Cara Rintala found guilty of murdering wife after 2 mistrials
Cara Rintala was found guilty on Friday of strangling and beating her wife to death in 2010, after juries in two previous trials gridlocked and failed to deliver a verdict.
The jury deliberated for four days before finding her guilty of murder in the first degree, the Northwestern District Attorney’s office said.
“They took their task very seriously,” First Assistant District Attorney Steven Gagne said in a statement. “It was a sound decision based on the evidence and the law, not gut reactions, not emotions, not fears or prejudices. They did what they were here to do.”
Northwestern District Attorney David Sullivan said the jury on Friday spoke for the victim, Annamarie Cochrane Rintala, who was killed inside the Granby home that she shared with Rintala on March 29, 2010.

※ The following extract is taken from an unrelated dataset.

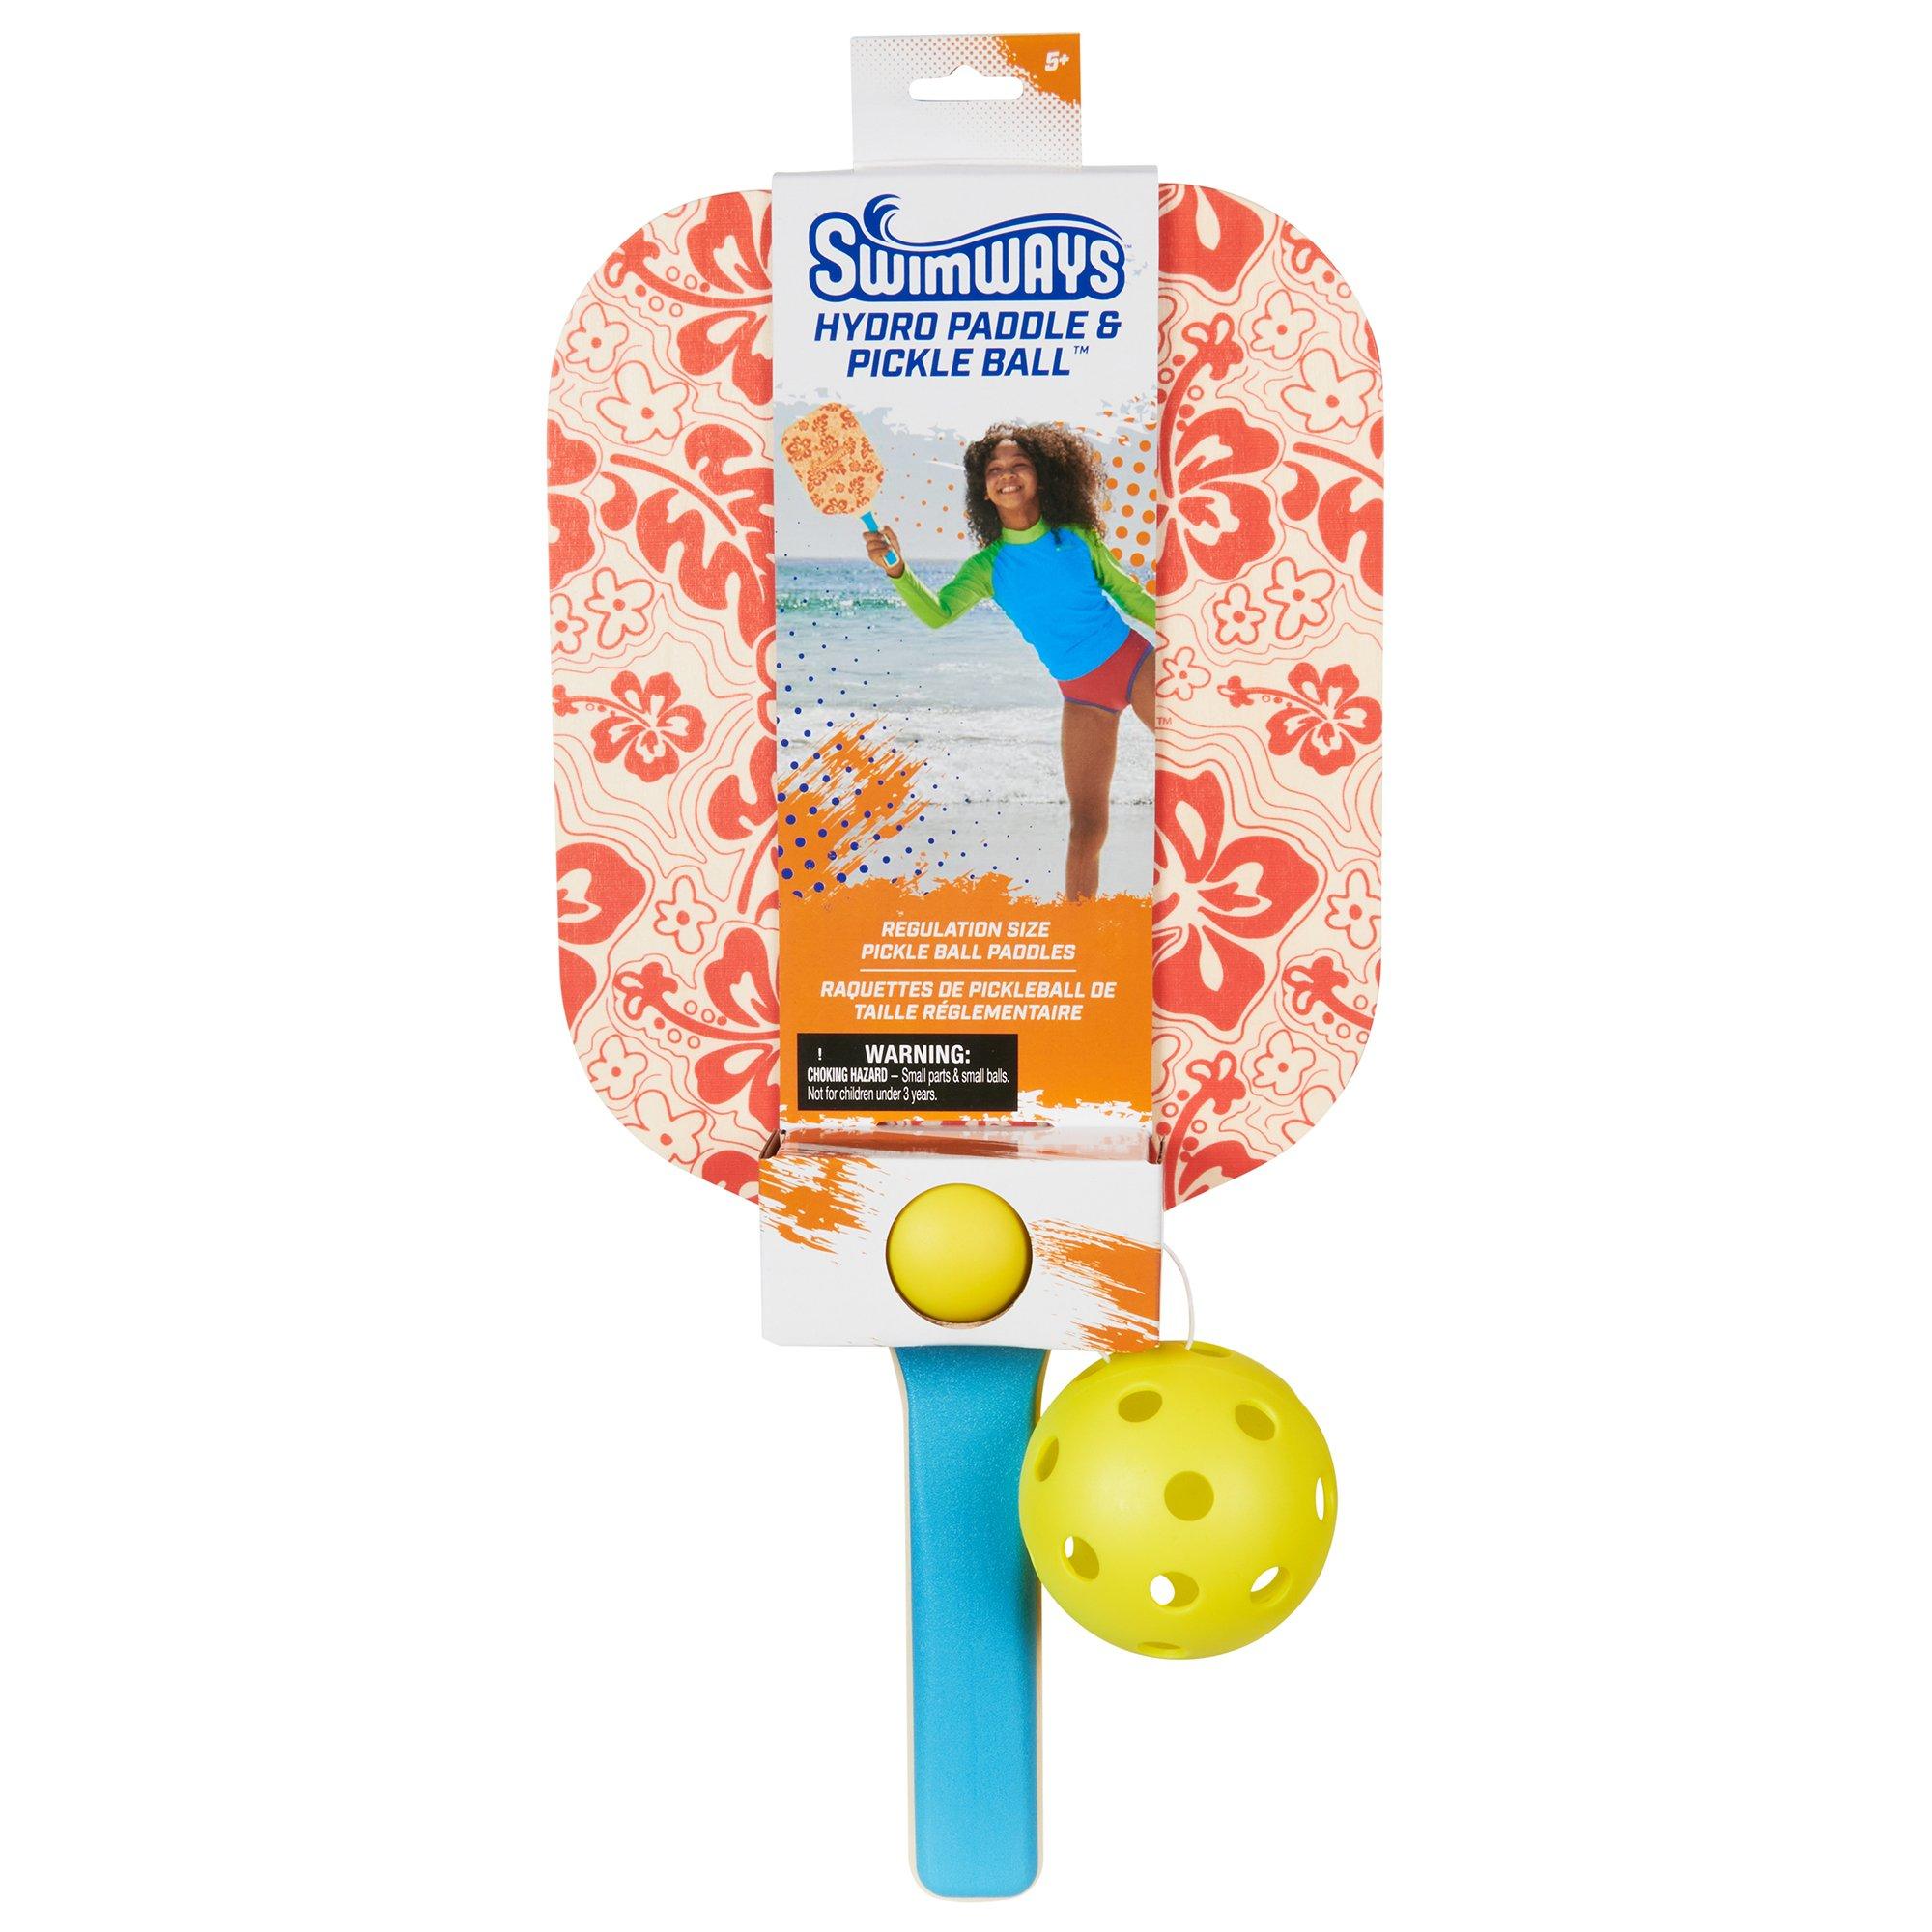 Hydro Paddle and Pickleball Set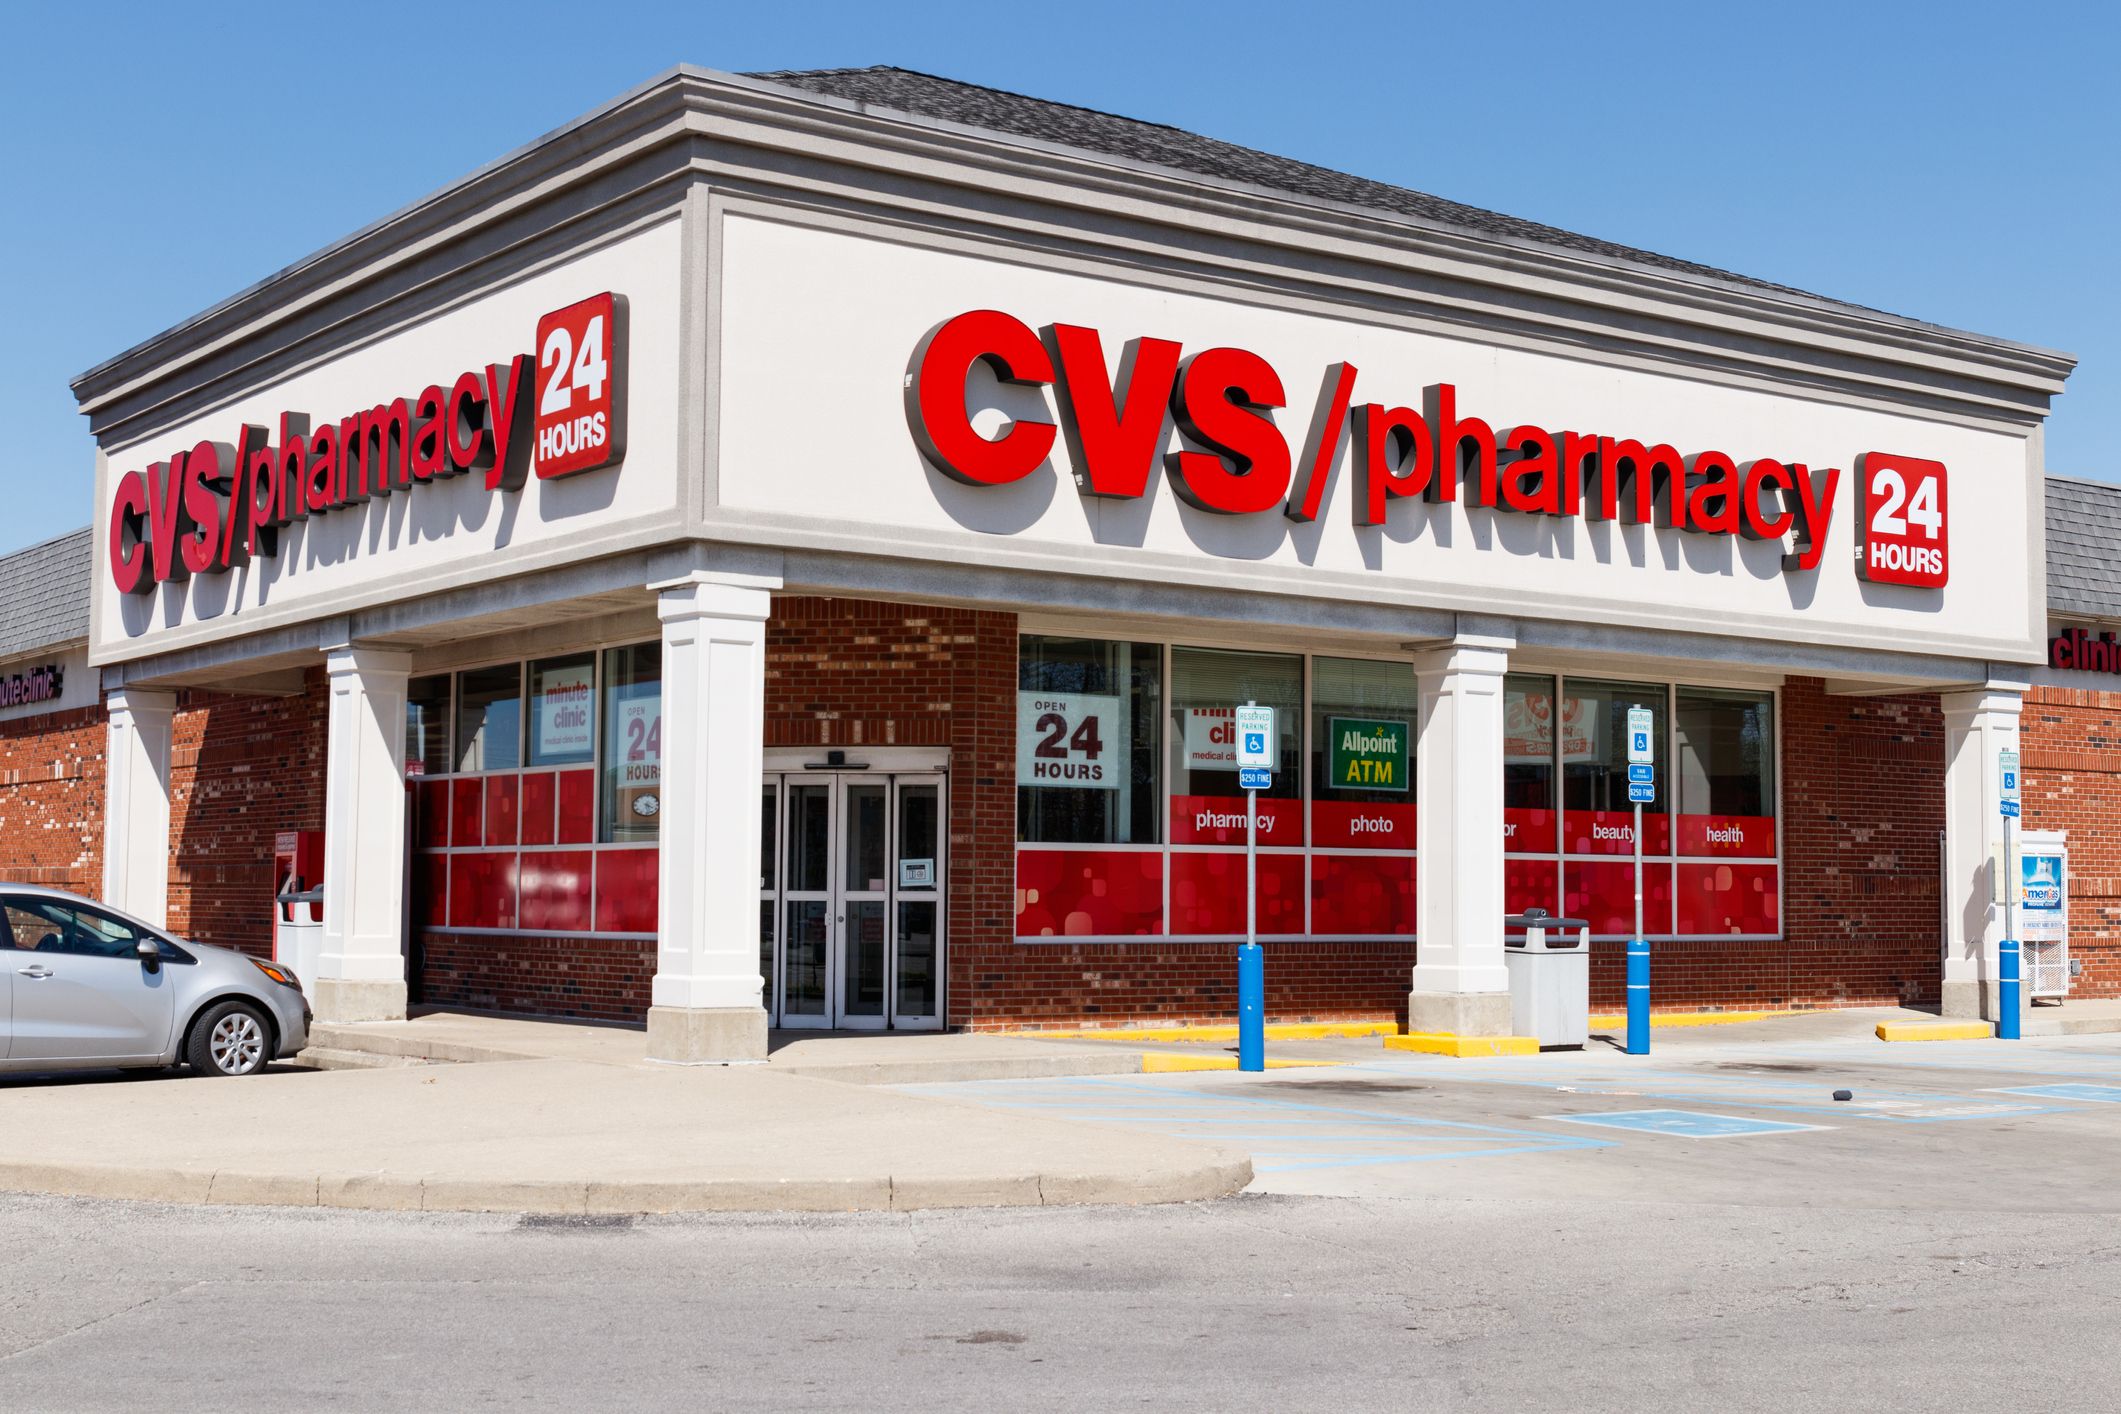 CVS is the 10th most valuable retail outlets in the world

Police found Rintala holding Cochrane Rintala’s bloody body. She had left to run errands earlier that day — a move prosecutors said was made to establish an alibi.
Rintala pleaded not guilty and maintained her innocence throughout every trial and hearing.
Rintala’s defense lawyer David Hoose said that, after three trials, “What do you expect?” according to MassLive. Prosecution witnesses had several opportunities to “hone their testimony,” he said.
The trial made headlines because Rintala was the first woman in Massachusetts to ever be charged with murdering her wife.
Rintala will be sentenced in Hampshire Superior Court on Wednesday and faces life in prison without parole.